Online edition of India's National Newspaper
Tuesday, Apr 01, 2008

Metro Plus Chennai

He snores, she suffers!

Who suffers more, the snorer or his spouse? 
SHEILA KUMAR delves into this debate

Did you, perceptive reader, notice how the male of the species has
been singled out in the blurb accompanying this article? Before a
PIL is filed against this writer by irate (snoring and non-snoring)
men, I have to stress that studies worldwide back my statement
 up. In 2005, the U.S.-based National Sleep Foundation (bet you
 didn’t know that such an organisation existed) found that as many
 as 24 per cent of women reported sleeplessness besides a snoring
 spouse as compared to 19 per cent men.

There’s more.
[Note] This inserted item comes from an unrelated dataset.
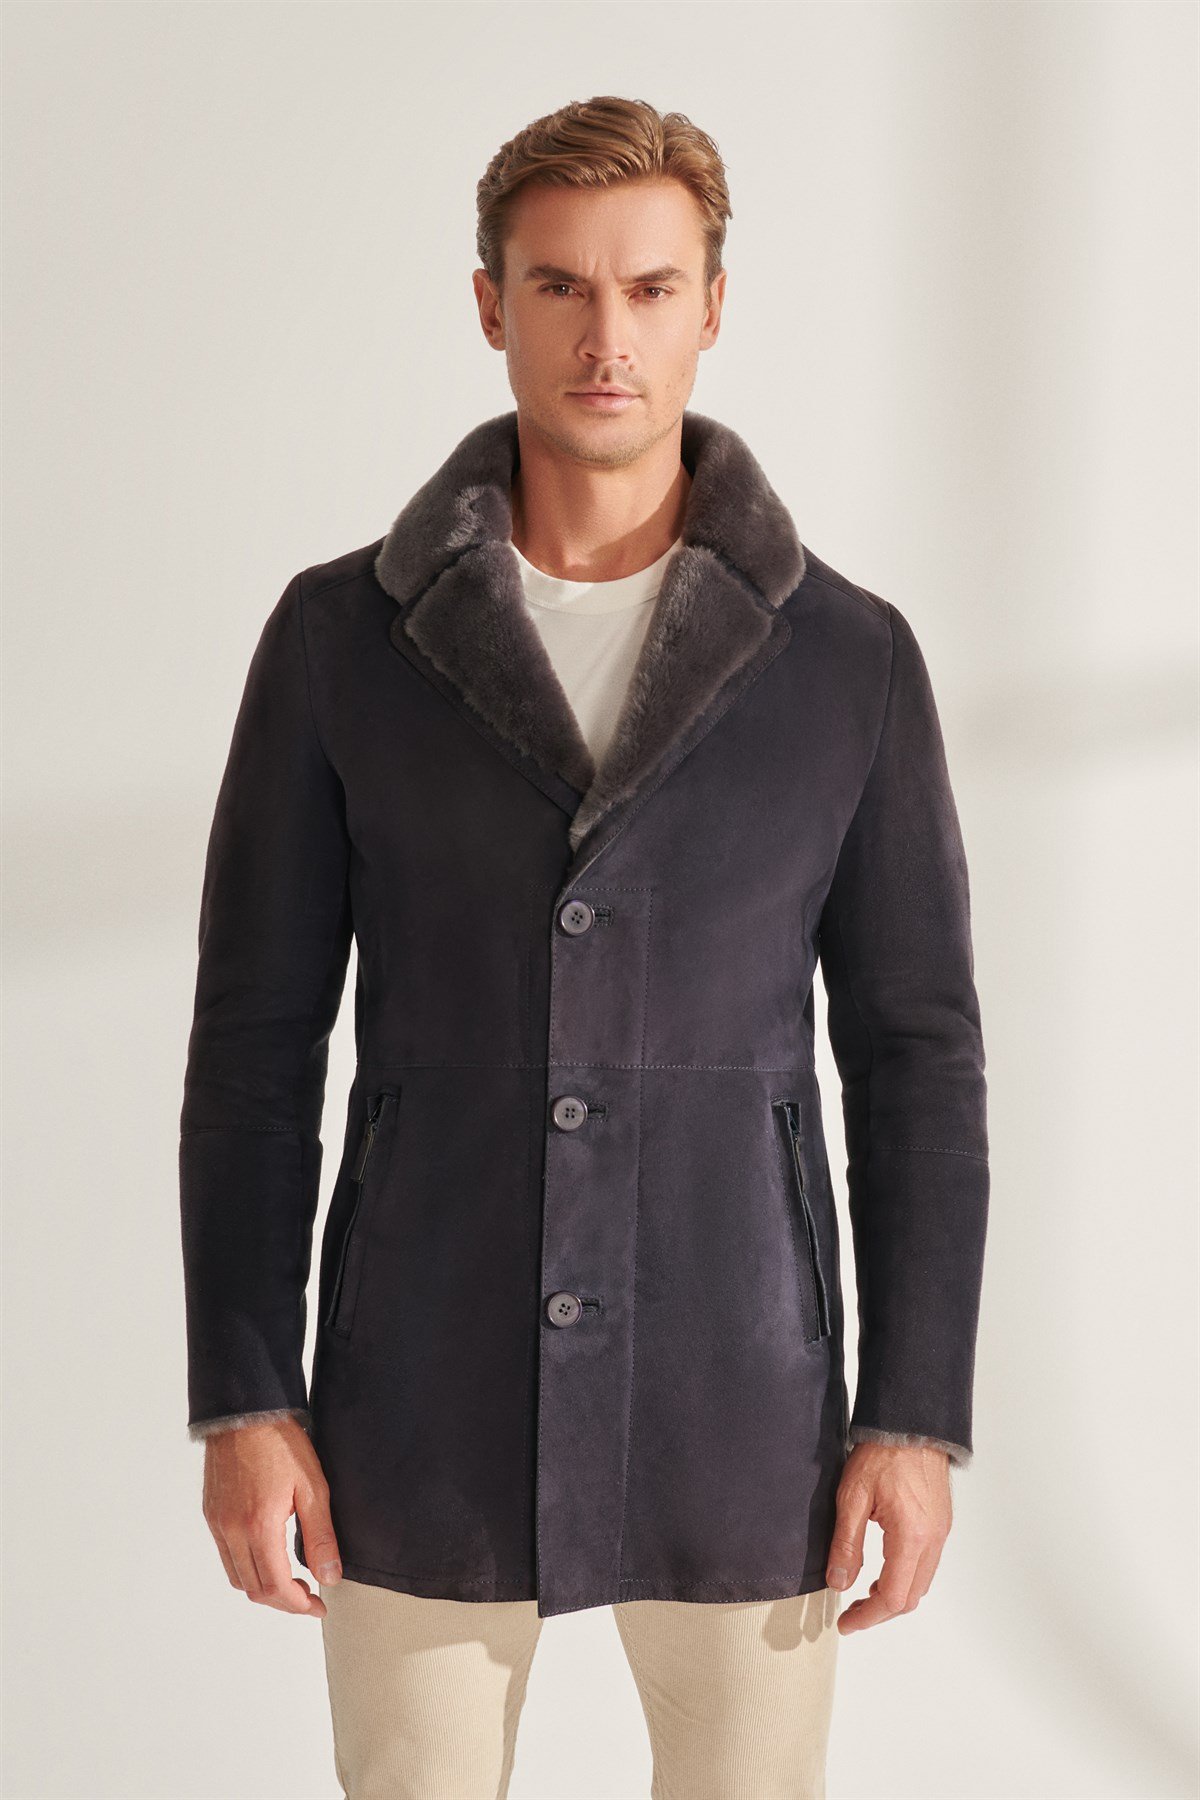 EDGAR Men's Navy Blue Sport Shearling Leather Jacket | Men's Fur ...

The same study also revealed that 39 per cent of
 men snore while the number stops at 25 per cent with women.
Ask the long-suffering Indian wife and she’ll aver 30 of that 39
 per cent reside in our country. Since our culture does not offer
 any ready solutions to this not-insignificant fly in the marital
 soup, most Indian wives, this writer included, just puts up
with the problem.

Various mechanisms
Says Bindu Ramesh, “I cope by using the elbow mechanism.
When Ramesh’s snores hit the high octaves, I just roll over
and dig him with my elbow. That buys peace for a little while.
” Shinie Antony has perfected the roll-over technique…ie., she
 rolls her husband onto his side, since she read somewhere that
sleeping on one’s side reduces snoring. Shyla tried to coax her
husband to use snore-reducer drops; it didn’t work only because
her husband refused to use the drops. Shailaja actually had her
 kids videotape her husband asleep so she could prove to him
that he snored louder than a lorry! And so, the women suffer,
 in silence or very vocally. But they suffer nevertheless.
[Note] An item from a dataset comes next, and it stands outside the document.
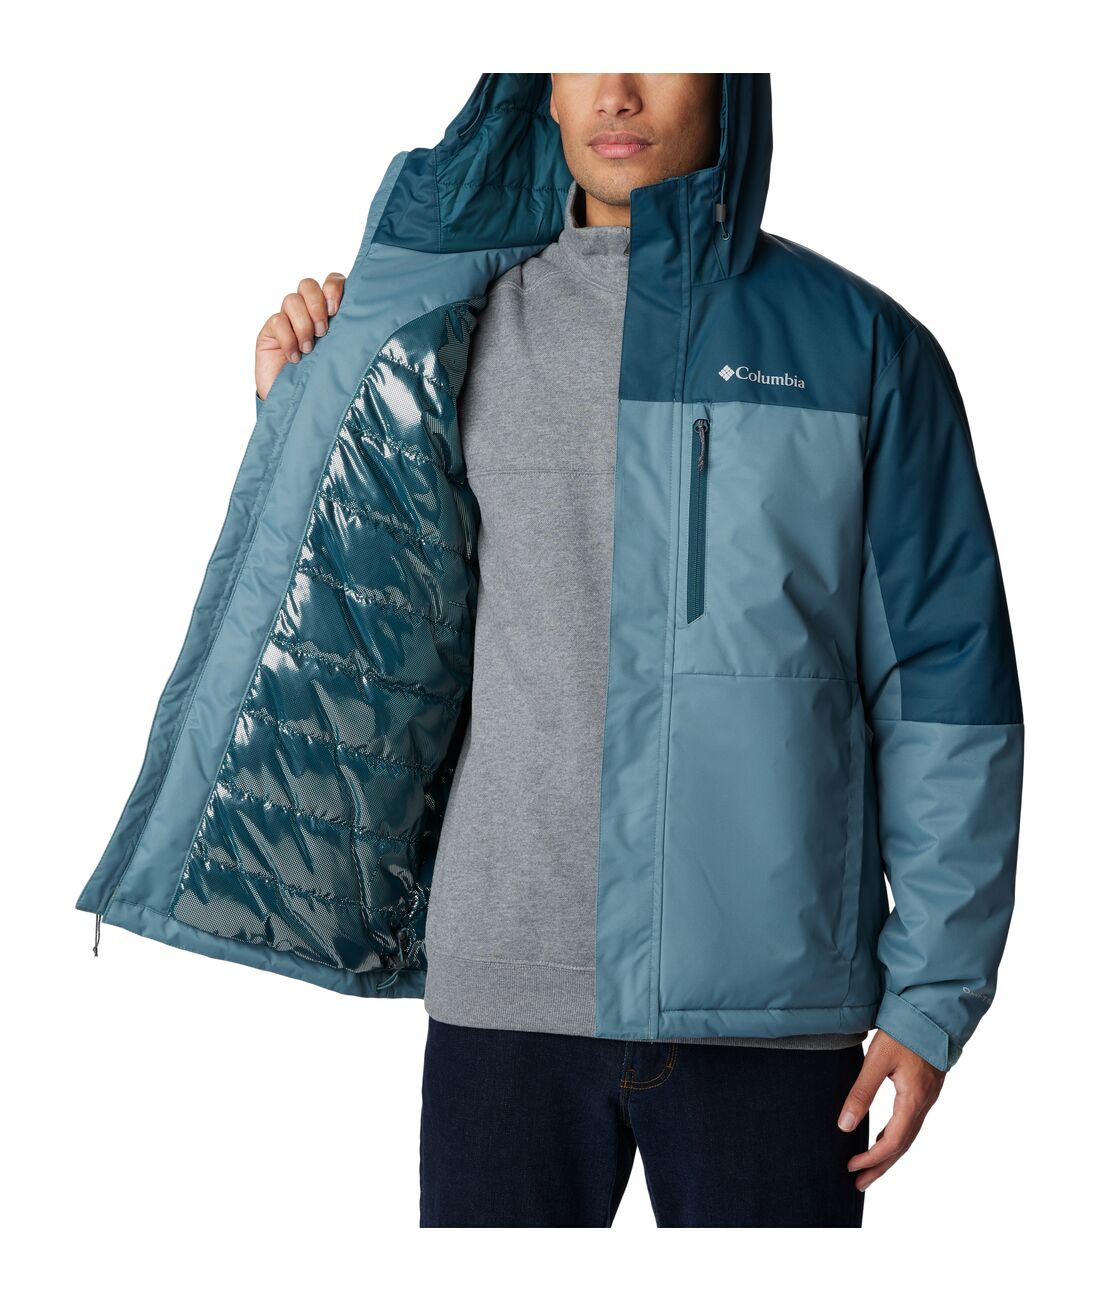 Hikebound Insulated Jacket

Let’s hark back to that U.S. study. All of 34 per cent of women
 said their husbands’/boyfriends’ snoring was ‘hurting’ their
 relationship. And surprise, 31 per cent of the men too assented
to this statement. Now, this is a mature acknowledgement and
response to what is actually a big problem for many women.
Whether she is a committed sleeper (eight hours or more)
or a fitful one (making do with five or six hours nightly), given
that most if not all women are big multi-taskers, it is vital that
they get a good night’s sleep. Abroad, couples are actually opting,
 reluctantly if practically, for separate beds, and in some drastic
cases, even separate bedrooms. Anything to save the relationship.
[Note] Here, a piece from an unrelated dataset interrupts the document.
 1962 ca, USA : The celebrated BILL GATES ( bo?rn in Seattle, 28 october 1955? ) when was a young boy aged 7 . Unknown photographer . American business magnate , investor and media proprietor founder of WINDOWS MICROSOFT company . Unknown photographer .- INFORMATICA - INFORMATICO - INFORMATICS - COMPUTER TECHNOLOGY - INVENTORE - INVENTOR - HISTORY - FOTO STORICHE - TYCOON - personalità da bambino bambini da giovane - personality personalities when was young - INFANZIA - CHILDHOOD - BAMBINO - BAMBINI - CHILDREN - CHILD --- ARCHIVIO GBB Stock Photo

Not surprisingly, most married men oppose the idea of separate
 beds and rooms. Actually, experts say that most people sleep
 better alone, with no physical contact. Again, maybe it is a ‘man’
thing but men can almost always sleep right through their wives’
snoring. Or else, with both partners snoring, bedtime becomes
one noisy but harmonious sonata. Sleep incompatibility seems to
be restricted to the fairer...definitely the more sensitively-sleeping…
half of a couple. And when sleep is seriously compromised, that
tension spills over into other areas. A sleep-deprived person is not
a happy person, and that deprivation will show in all areas and
activities the person indulges in, whether in child care, at the
workplace or at social gatherings. In the long-term, too, sleep
deprivation leads to many illnesses.

Sleep sociologists (bet you didn’t know of this breed, either!) point
out that gender equality moves into the bedroom, with women
putting up with disturbed sleep as well as the perception that losing
 sleep is no big deal…a double whammy, indeed. Naturally, this
 leads to resentment, long stifled, that may well erupt in a
catastrophic manner, sooner or later.

This for the lucky few who have no connection with snoring or
snorers: snoring or sleep apnea is the sound produced when
there is an obstruction to breathing while sleeping; the most
advanced stage is called obstructive sleep apnea. This happens
when the soft palate and the uvula vibrates when air is inhaled,
 manifesting in loud snorting, choking during sleep, abnormal
 limb movements, and scary moments when one struggles for
 the next breath.

So, are there any solutions to the snoring problem? Well, a thoughtful
 man would steer clear of alcohol before bedtime, drink warm milk
 with a pinch of turmeric and pepper instead, elevate his head with
 a pillow, sleep on his side, or in the last resort, resort to the living
 room sofa or couch. Or try hypnosis. Given that such thoughtful
 spouses seem in drastically short supply, women, in the meantime,
 teach themselves how to elbow or roll a snorer over. Some women
 can do this in their sleep. Their broken sleep, that is.